WORK TASK: What the task requires is an exact printout of the listing below, pictures excluded.

STORED DATA:
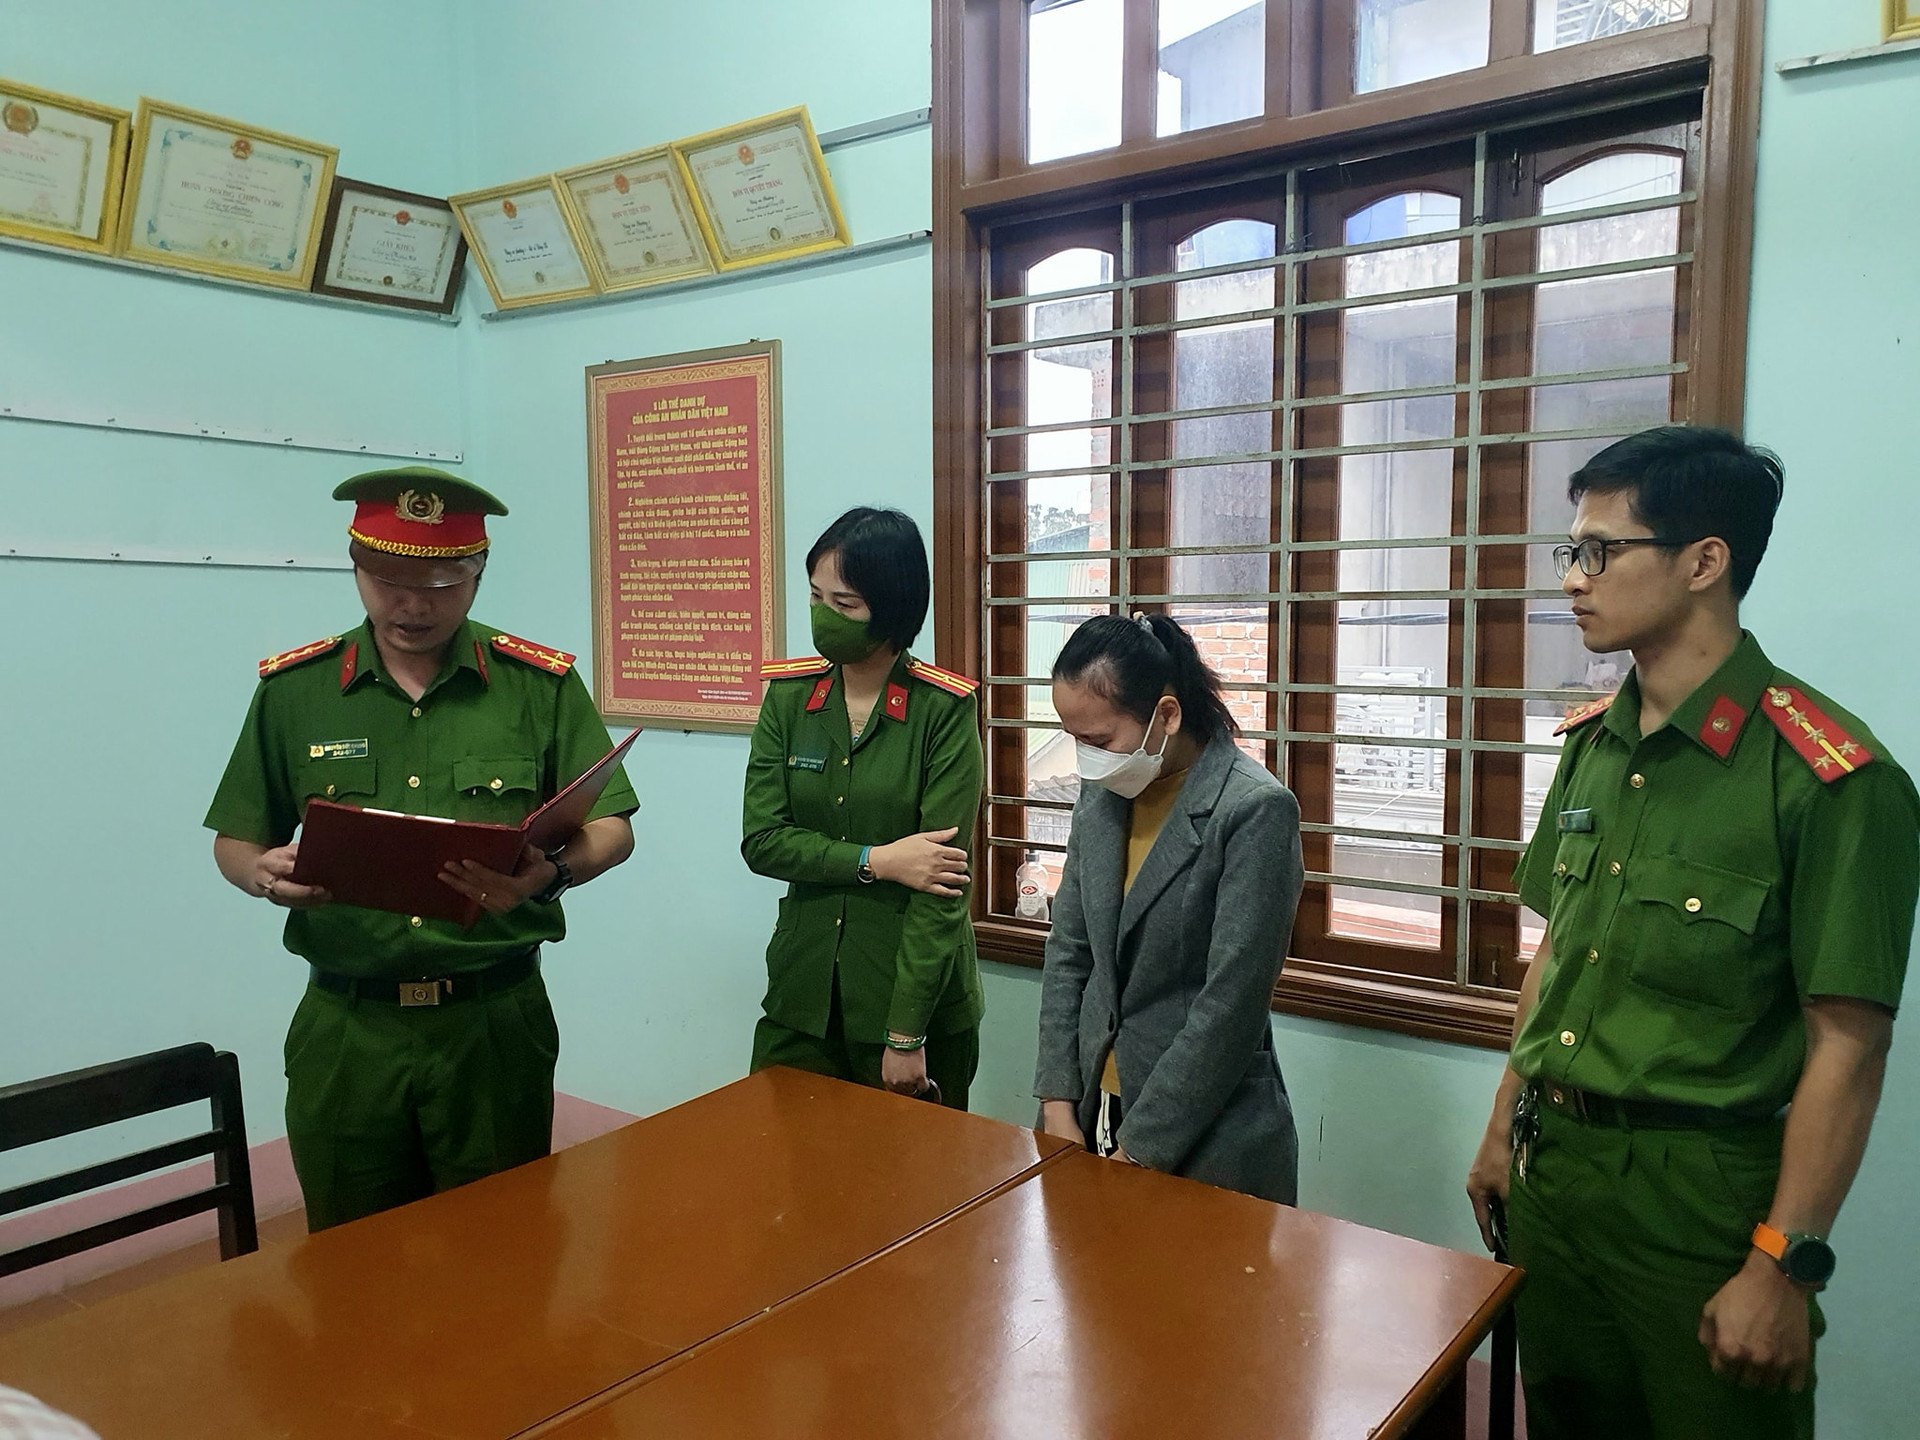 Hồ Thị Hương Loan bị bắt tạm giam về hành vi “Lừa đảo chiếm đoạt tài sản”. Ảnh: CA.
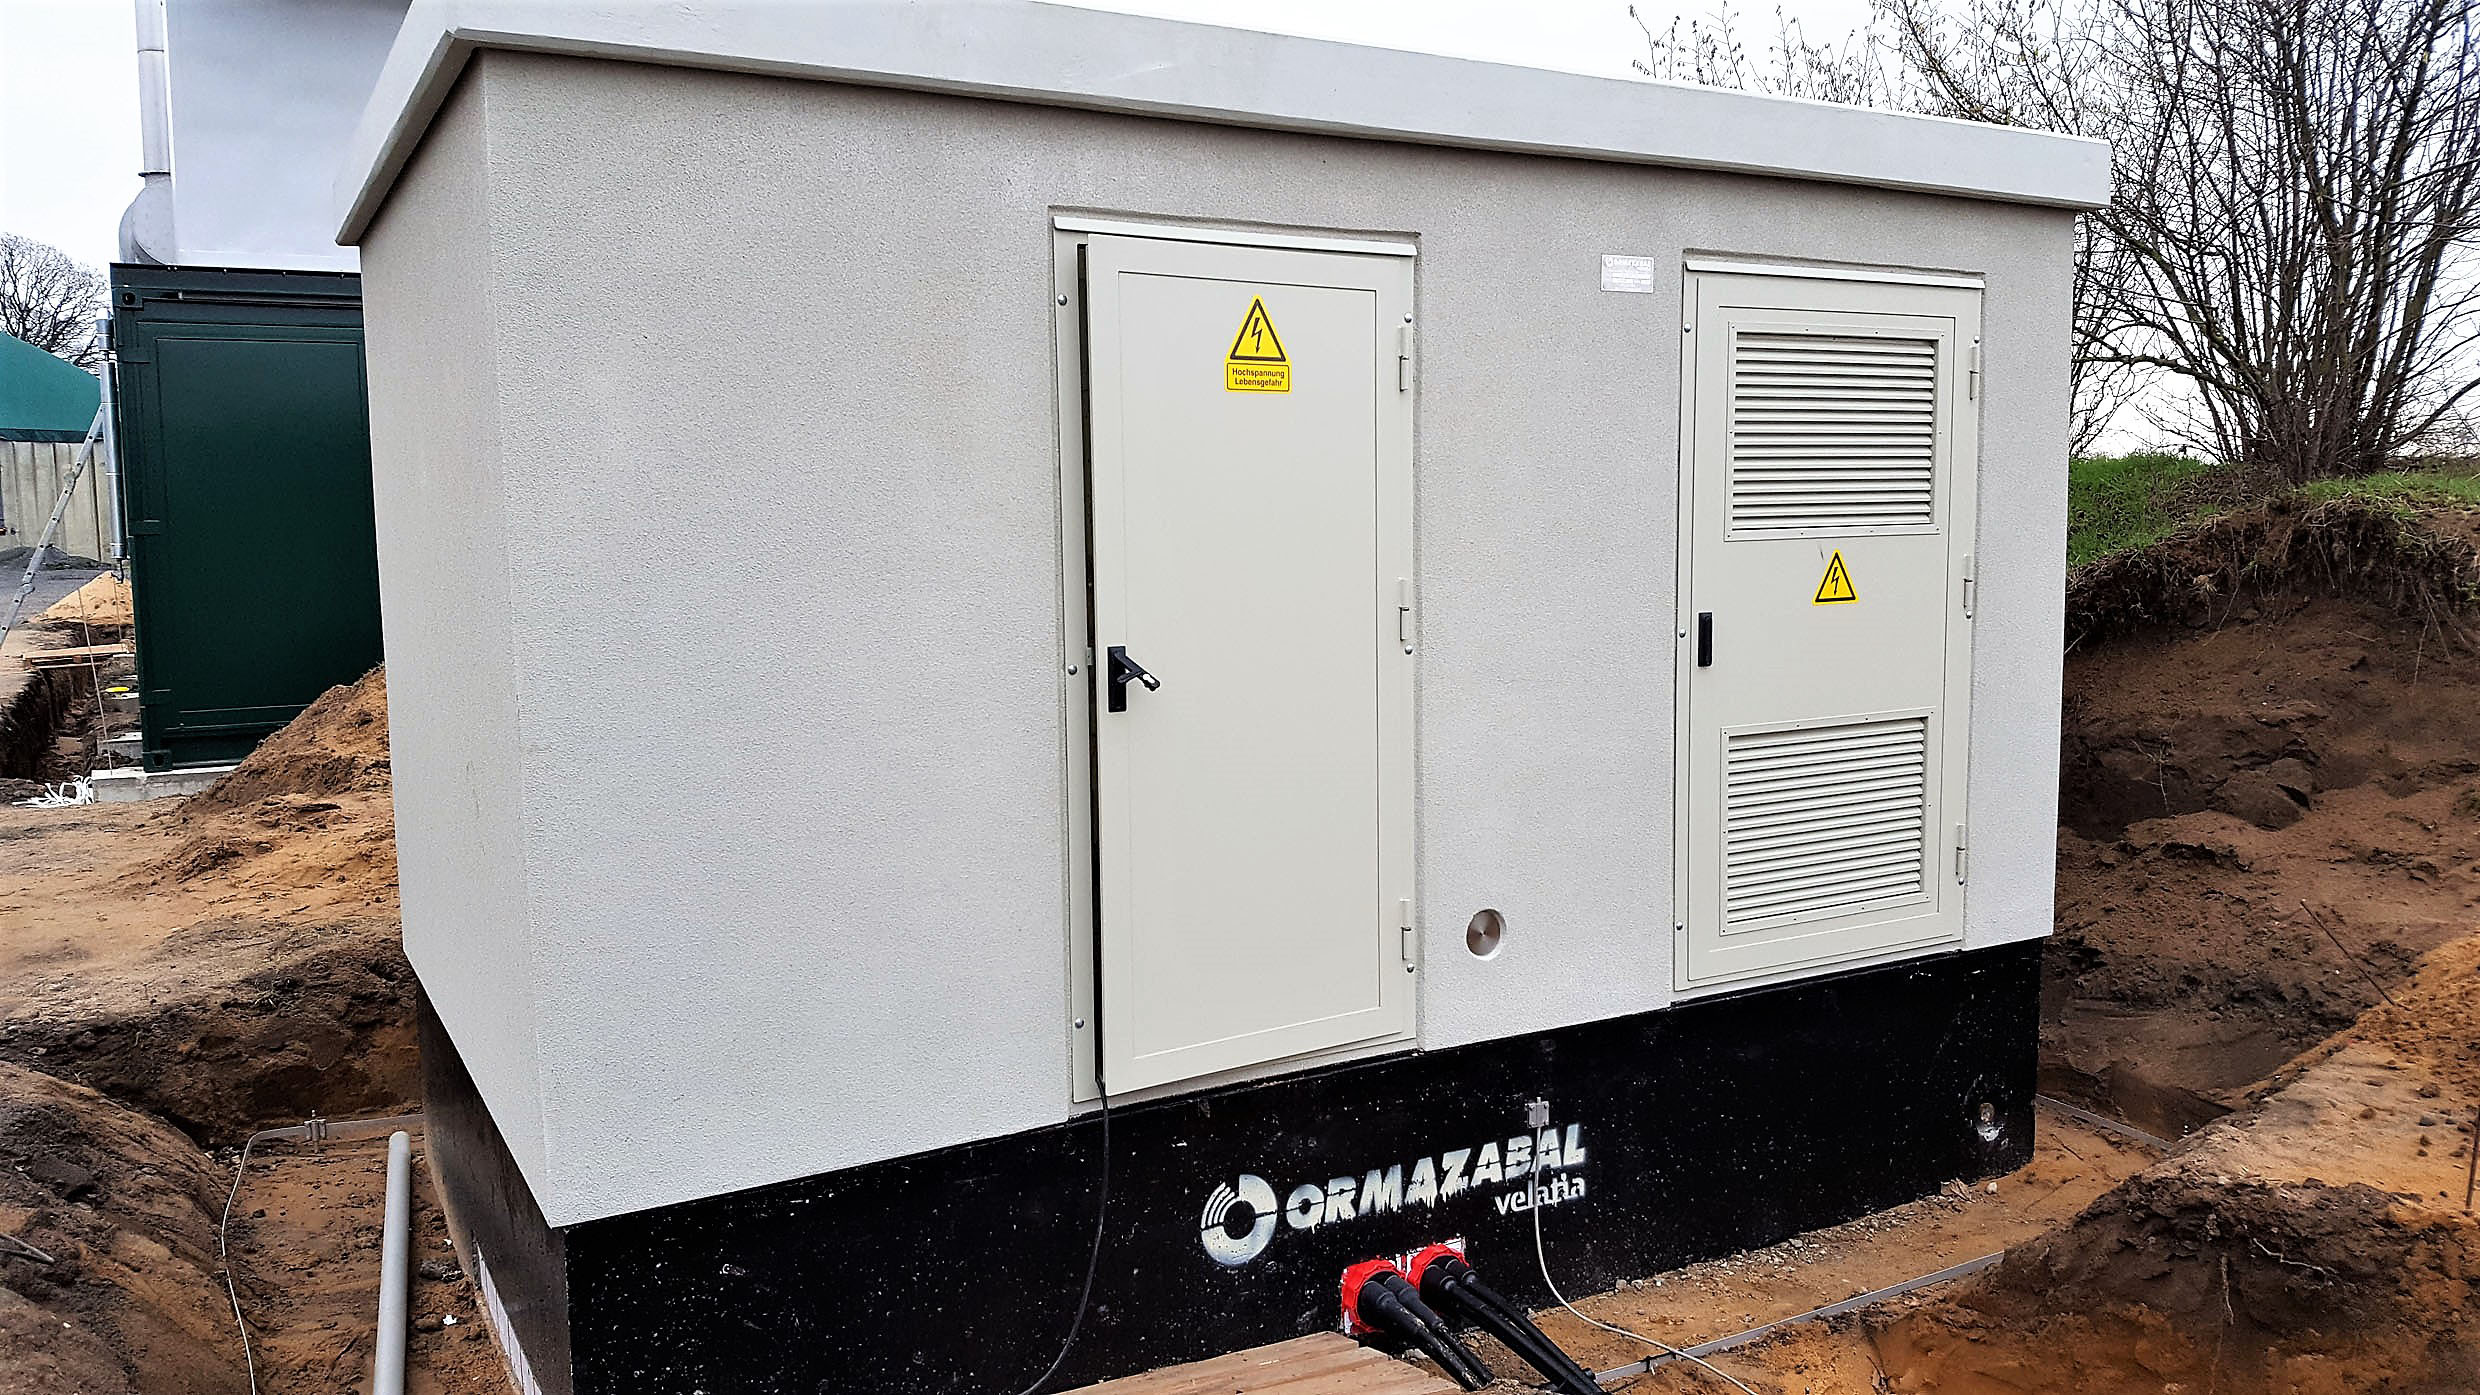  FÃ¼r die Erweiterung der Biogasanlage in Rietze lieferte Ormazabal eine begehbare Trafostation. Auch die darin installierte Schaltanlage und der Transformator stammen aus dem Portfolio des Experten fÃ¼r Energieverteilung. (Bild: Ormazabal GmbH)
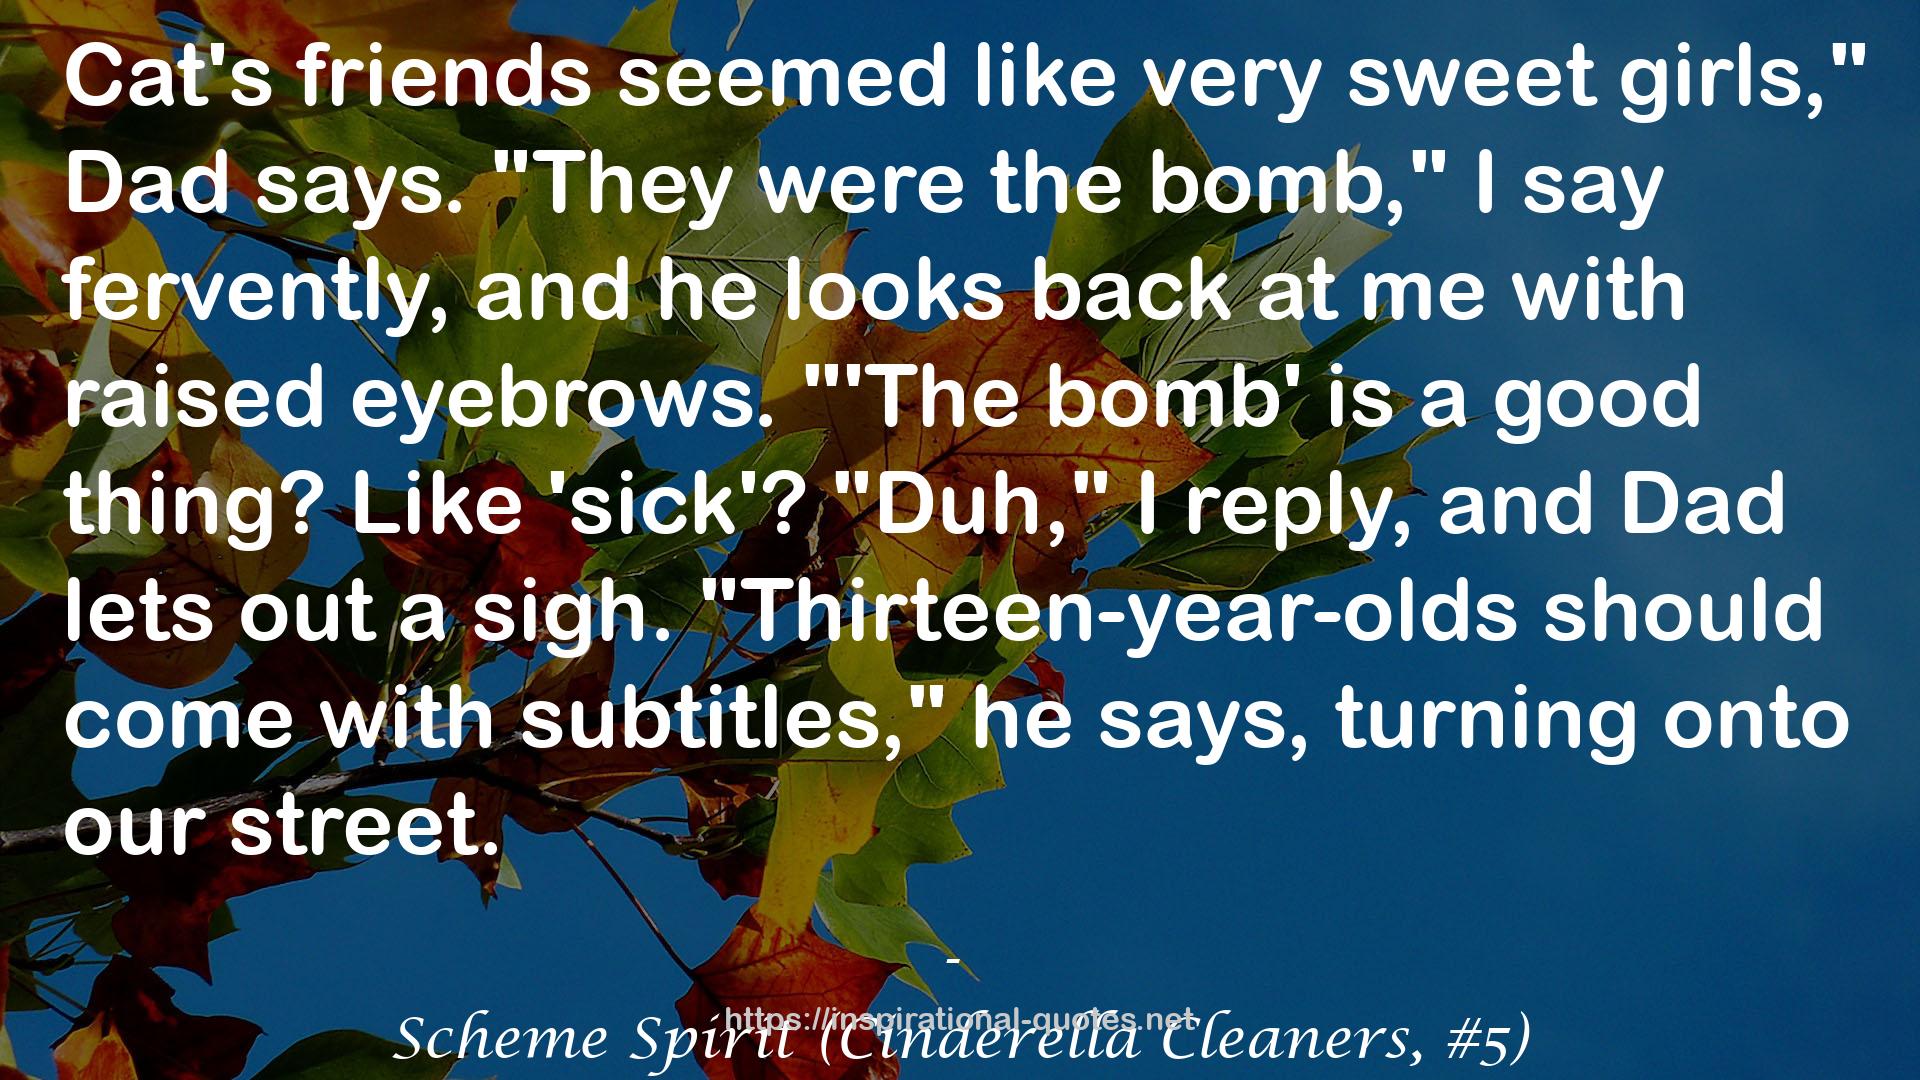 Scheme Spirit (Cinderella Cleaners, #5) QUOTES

WRITTEN SOLUTION:
 Hồ Thị Hương Loan bị bắt tạm giam về hành vi “Lừa đảo chiếm đoạt tài sản”. Ảnh: CA.
  FÃ¼r die Erweiterung der Biogasanlage in Rietze lieferte Ormazabal eine begehbare Trafostation. Auch die darin installierte Schaltanlage und der Transformator stammen aus dem Portfolio des Experten fÃ¼r Energieverteilung. (Bild: Ormazabal GmbH)
 Scheme Spirit (Cinderella Cleaners, #5) QUOTES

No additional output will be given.